═══ Raw data ═══

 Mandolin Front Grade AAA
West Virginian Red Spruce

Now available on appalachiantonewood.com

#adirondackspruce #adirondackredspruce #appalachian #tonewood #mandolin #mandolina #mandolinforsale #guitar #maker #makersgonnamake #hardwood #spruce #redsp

═══

What to work on:
Give again the lines from the line holding "West Virginian Red Spruce" through the close of the listing, both included, exactly as written and with nothing else.

Task answer:
West Virginian Red Spruce

Now available on appalachiantonewood.com

#adirondackspruce #adirondackredspruce #appalachian #tonewood #mandolin #mandolina #mandolinforsale #guitar #maker #makersgonnamake #hardwood #spruce #redsp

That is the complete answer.